Aim of the task: Keep the pictures out of the copy and repeat the records exactly.

Stored items from a collection:
···

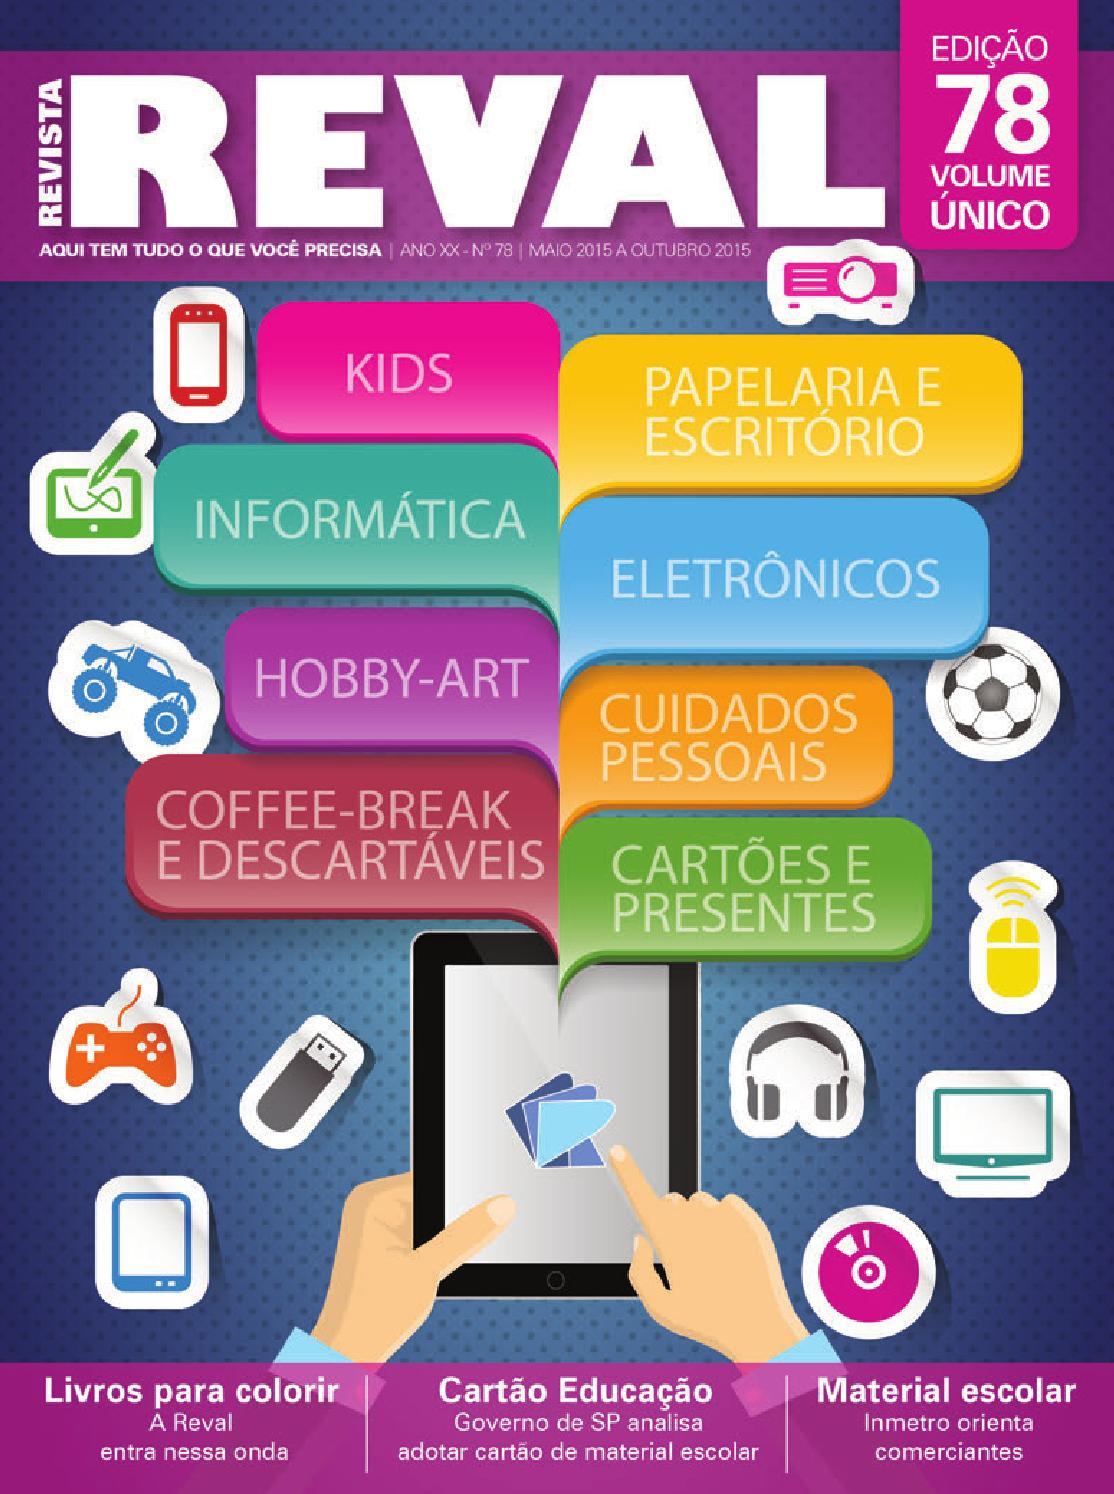 Revista Reval 78 - Parte 01 by Reval Atacado de Papelaria Ltda. - issuu 228d4b000ee91
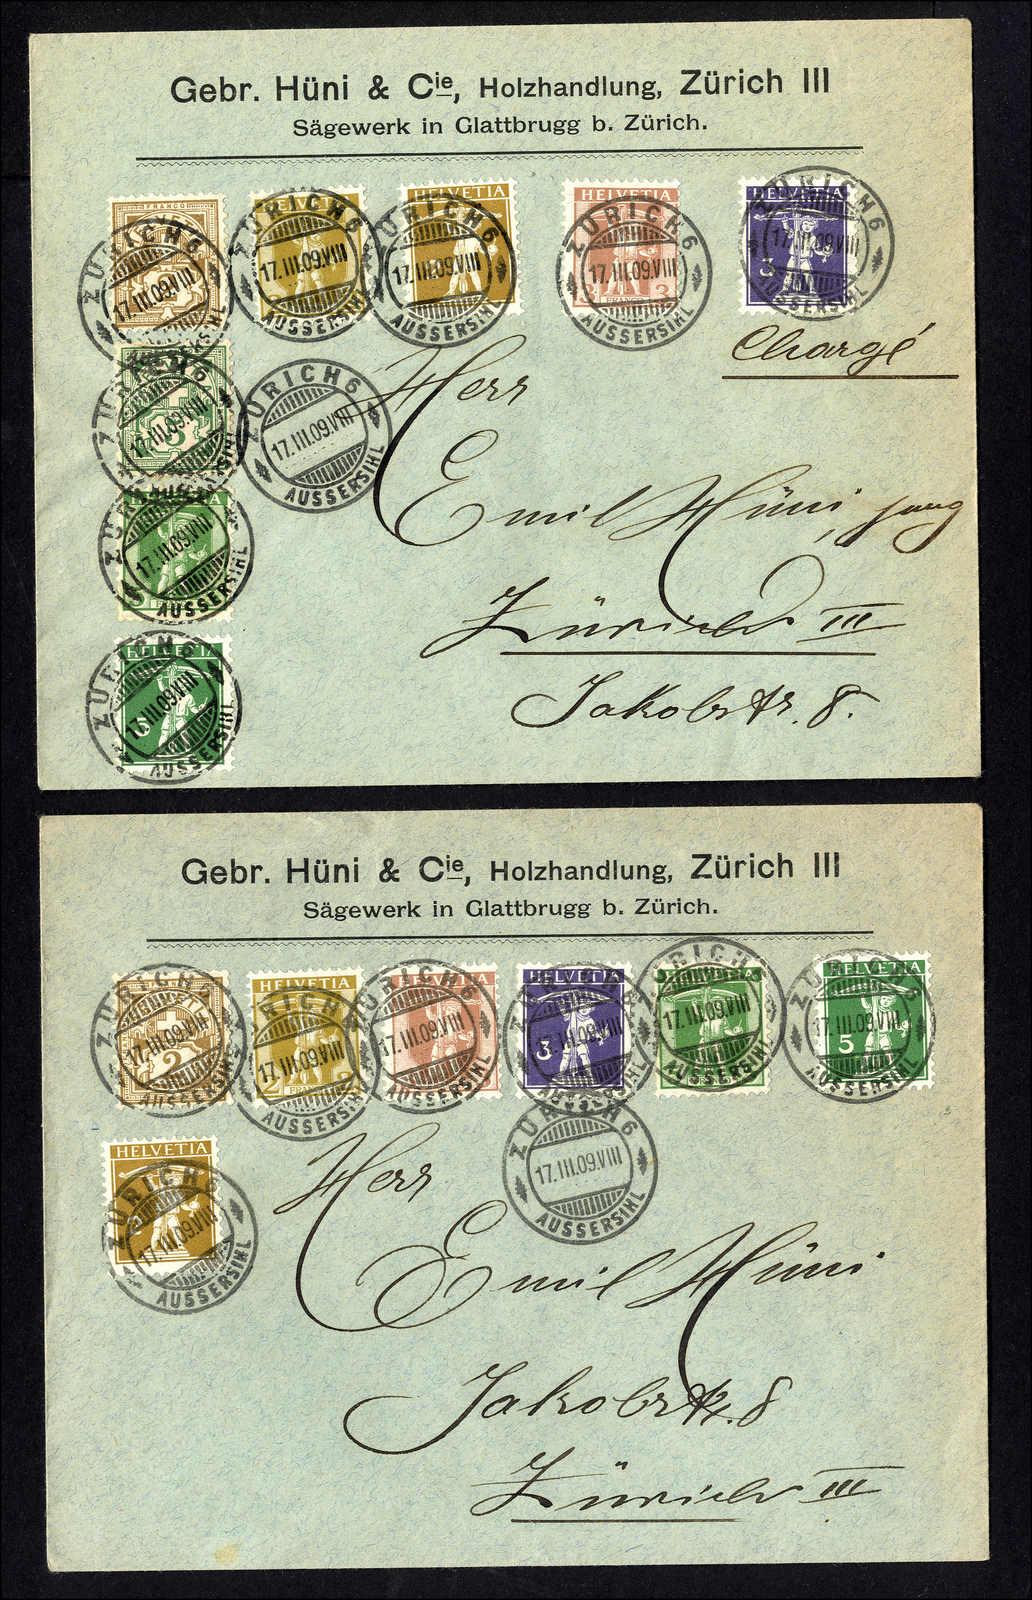 Lot 151 - schweiz Schweiz Freimarken nach 1907 -  Rolli Auctions Auction #68 Day 1
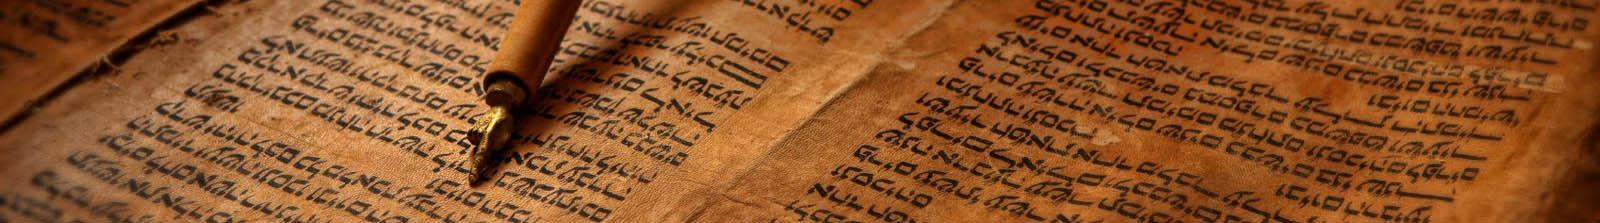 толкование на книгу бытия
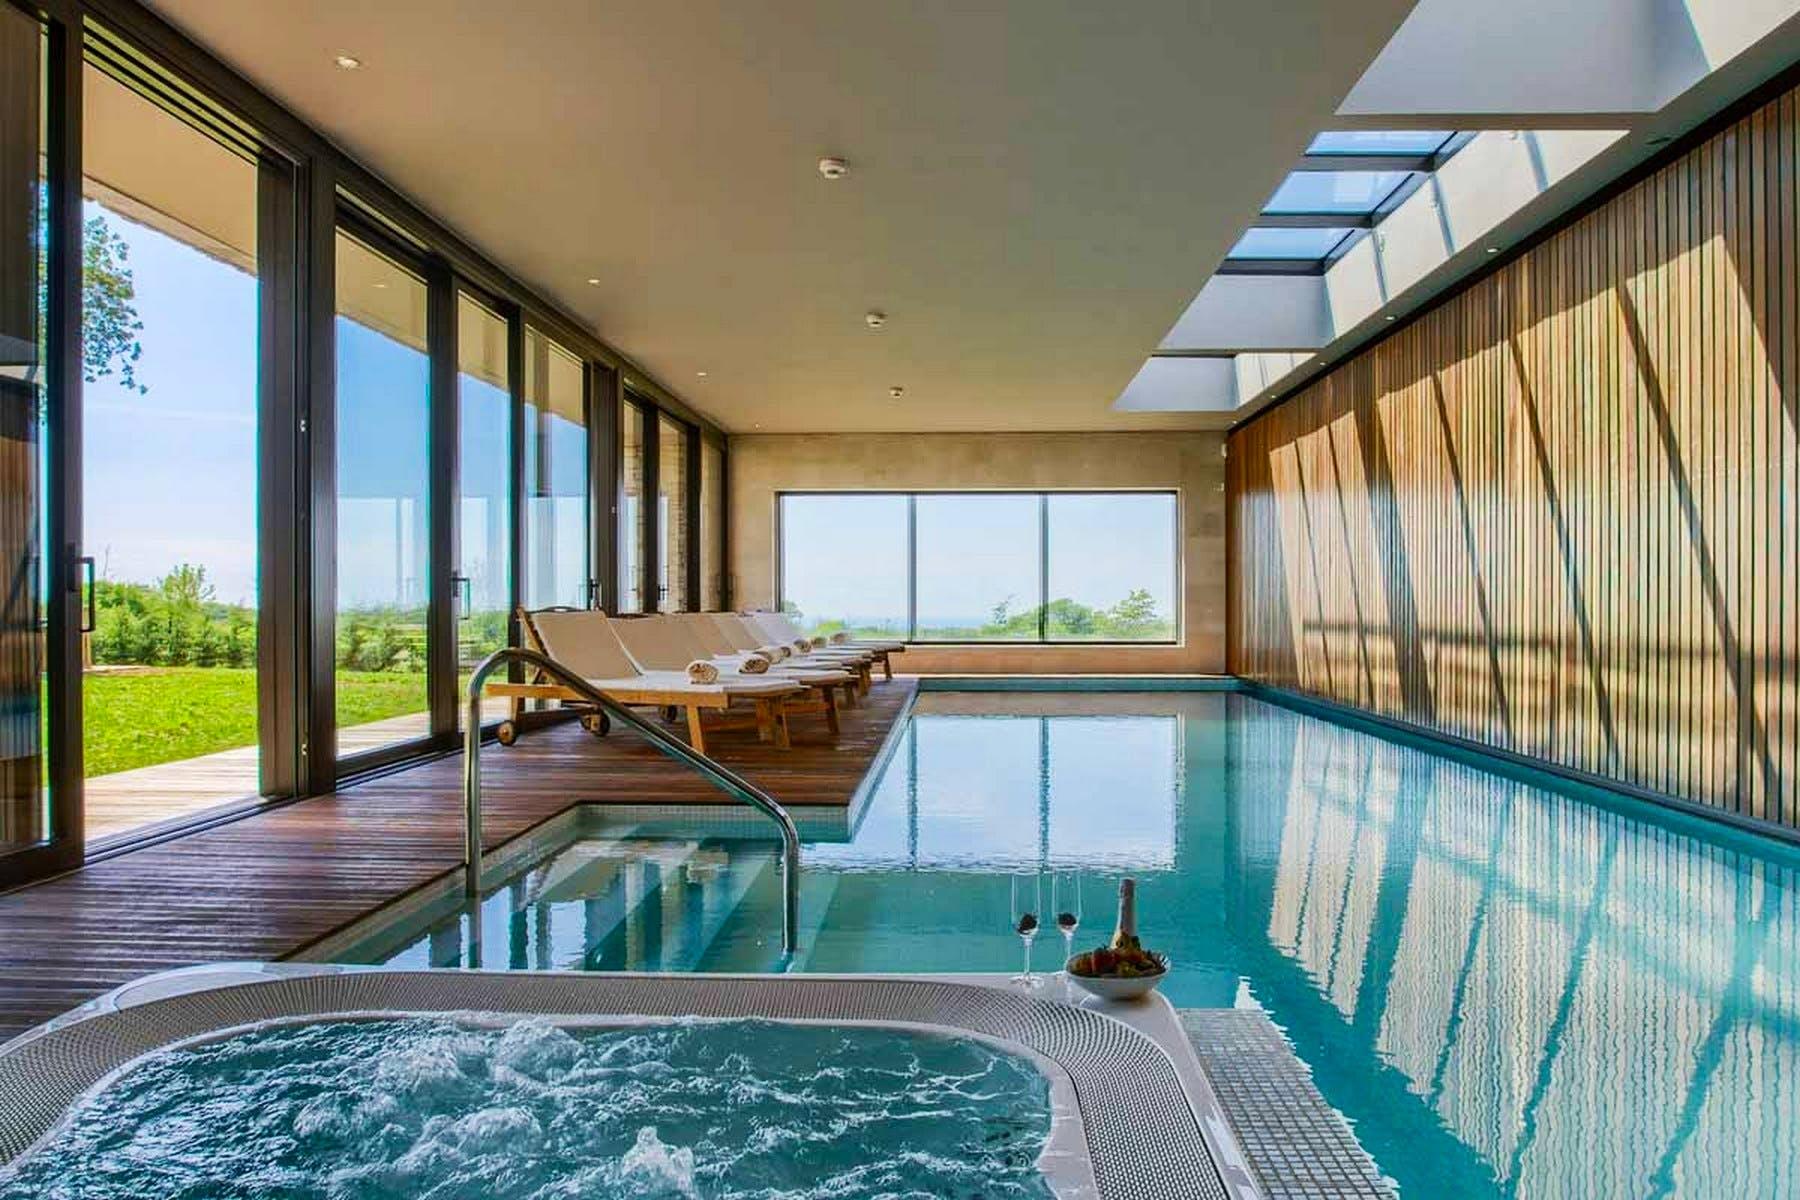 18-meter pool
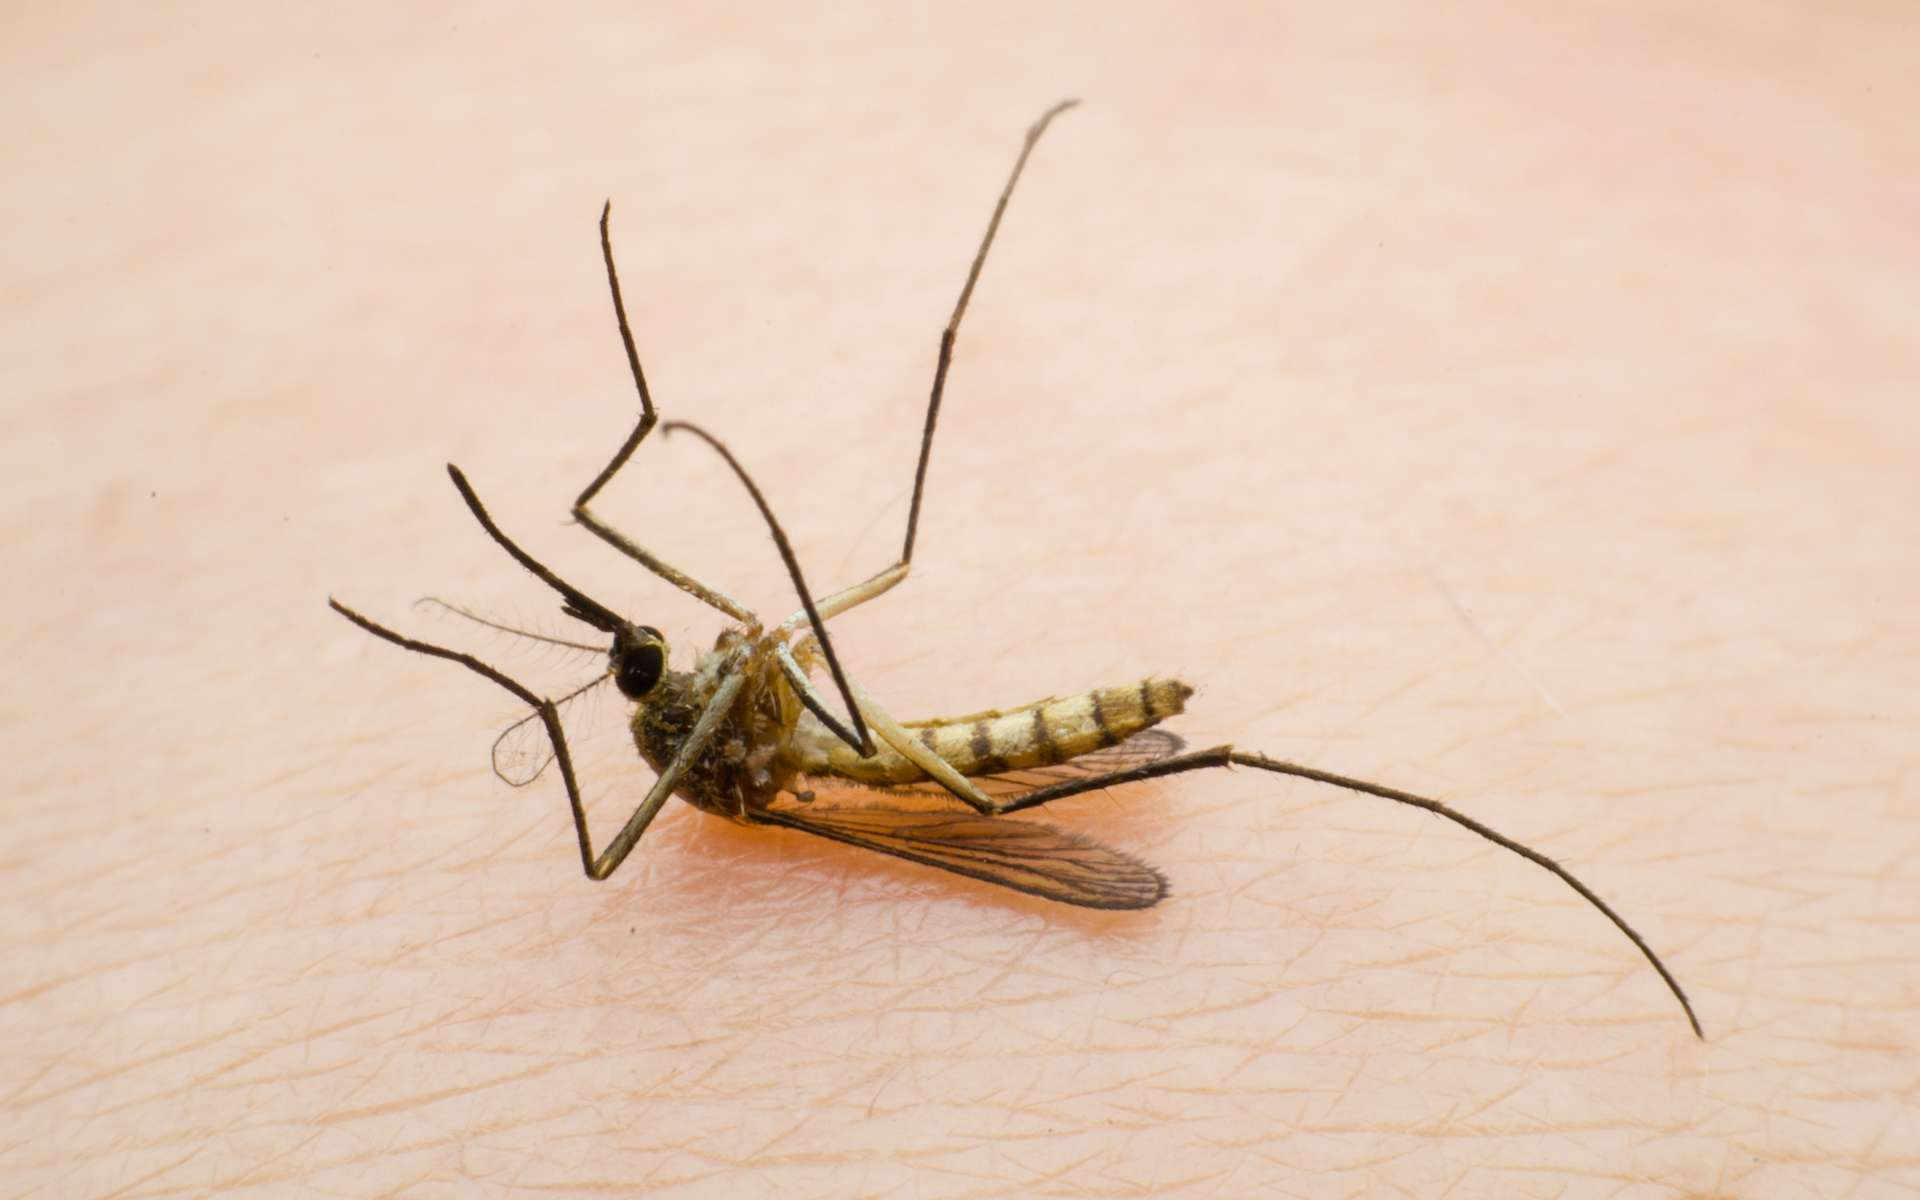 Les moustiques femelles disparaissent en quelques générations. © Jeeranan, Adobe Stock

···

Exercise response:
 Revista Reval 78 - Parte 01 by Reval Atacado de Papelaria Ltda. - issuu 228d4b000ee91
 Lot 151 - schweiz Schweiz Freimarken nach 1907 -  Rolli Auctions Auction #68 Day 1
 толкование на книгу бытия
 18-meter pool
 Les moustiques femelles disparaissent en quelques générations. © Jeeranan, Adobe Stock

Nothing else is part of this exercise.